Князь молчал и только с каждым словом ее все тяжелее и тяжелее стал переводить дыхание.
– Ты не давай лучше мне ничего, давай как можно меньше матери моей денег, которой я решительно не знаю, зачем ты столько даешь, – продолжала Елена, заметив не совсем приятное впечатление, которое произвела ее просьба на князя, – но только в этом случае не откажи мне. Их, пишут, двести семейств; чтоб они не умерли с голоду и просуществовали месяца два или три, покуда найдут себе какую-нибудь работу, нужно, по крайней мере, франков триста на каждое семейство, – всего выйдет шестьдесят тысяч франков, то есть каких-нибудь тысяч пятнадцать серебром на наши деньги.
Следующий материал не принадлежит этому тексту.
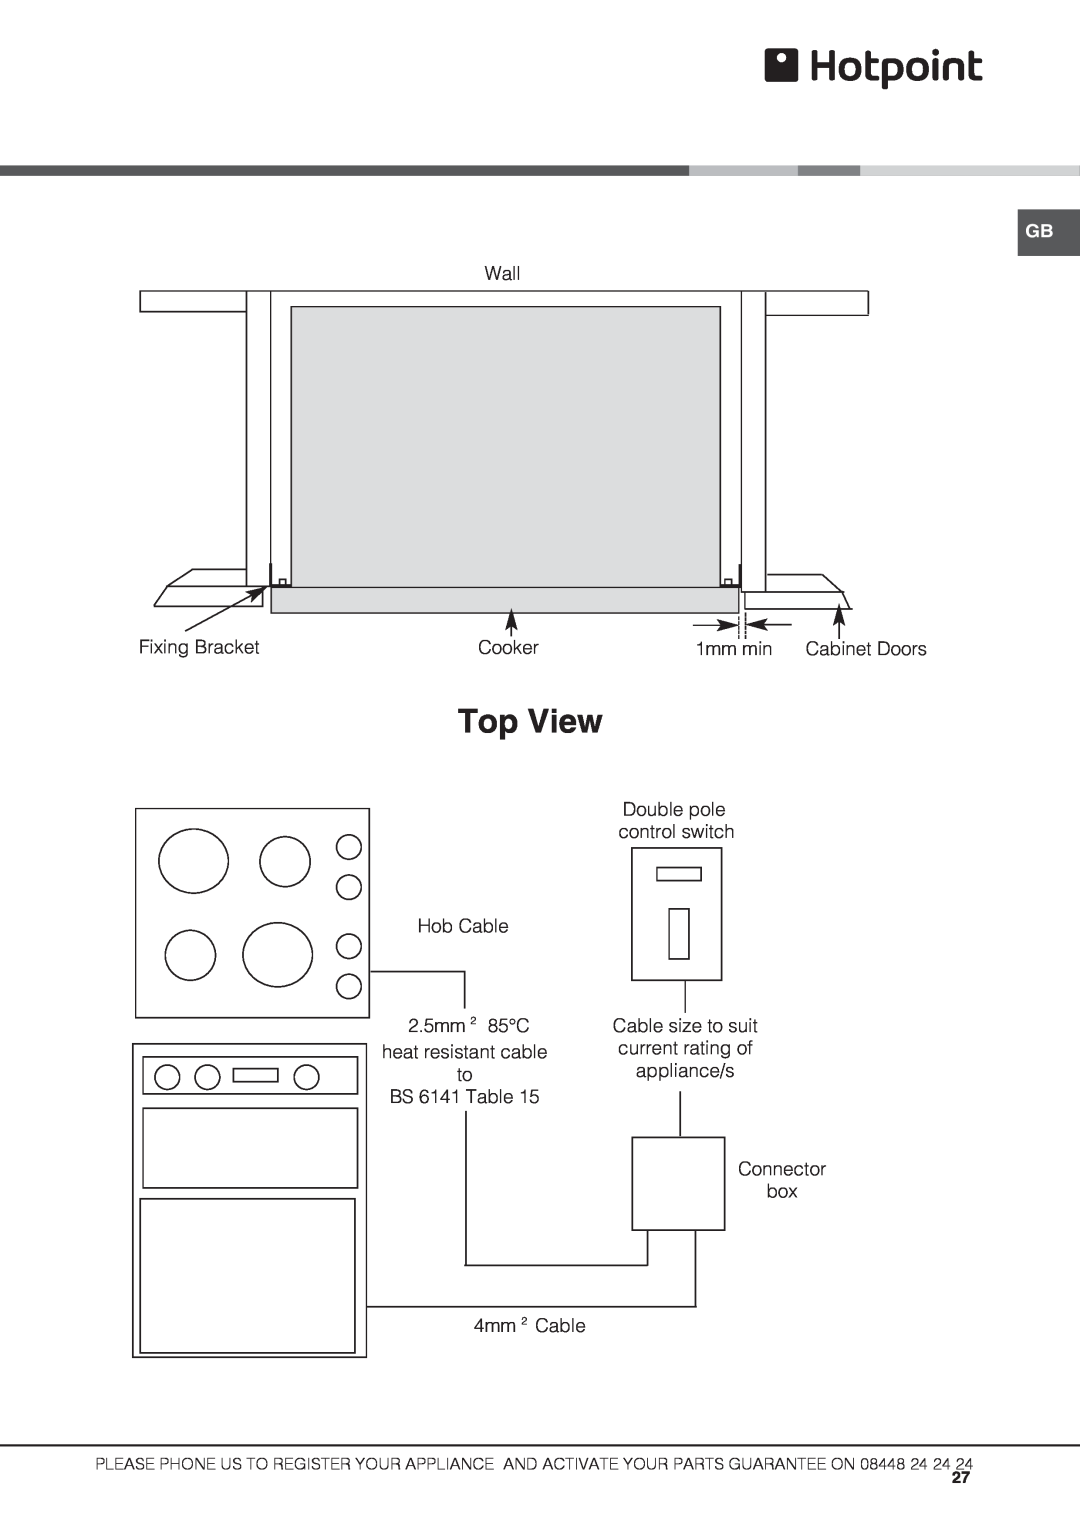 Hotpoint UBS 537 CX S Top View, Wall, Fixing Bracket, Cooker, 1mm min, Double pole control switch Hob Cable, 2.5mm 2 85C

Пошли им эту сумму, и ты этим воздвигнешь незыблемый себе памятник в их сердцах…
Проговоря это, Елена замолчала.
Молчал по-прежнему и князь некоторое время; но гнев очень заметно ярким и мрачным блеском горел в его глазах.
– Я предчувствовал, что это будет! – проговорил он, как бы больше сам с собой. – Нет, я не дам польским эмигрантам ничего уже более! – присовокупил он затем, обращаясь к Елене.
Тогда красивые черты лица Елены, в свою очередь, тоже исказились гневом.
– Отчего это? – едва достало у ней силы выговорить.
– Оттого, что я довольно им давал и документ даже насчет этого нарочно сохранил, – проговорил князь и, проворно встав с своего места, вынул из бюро пачку писем, взял одно из них и развернул перед глазами Елены. – На, прочти!.. – присовокупил он, показывая на две, на три строчки письма, в которых говорилось: «Вы, мой милый князь, решительно наш второй Походяшев: вы так же нечаянно, как и он, подошли и шепнули, что отдаете в пользу несчастных польских выходцев 400 тысяч франков. Виват вам!»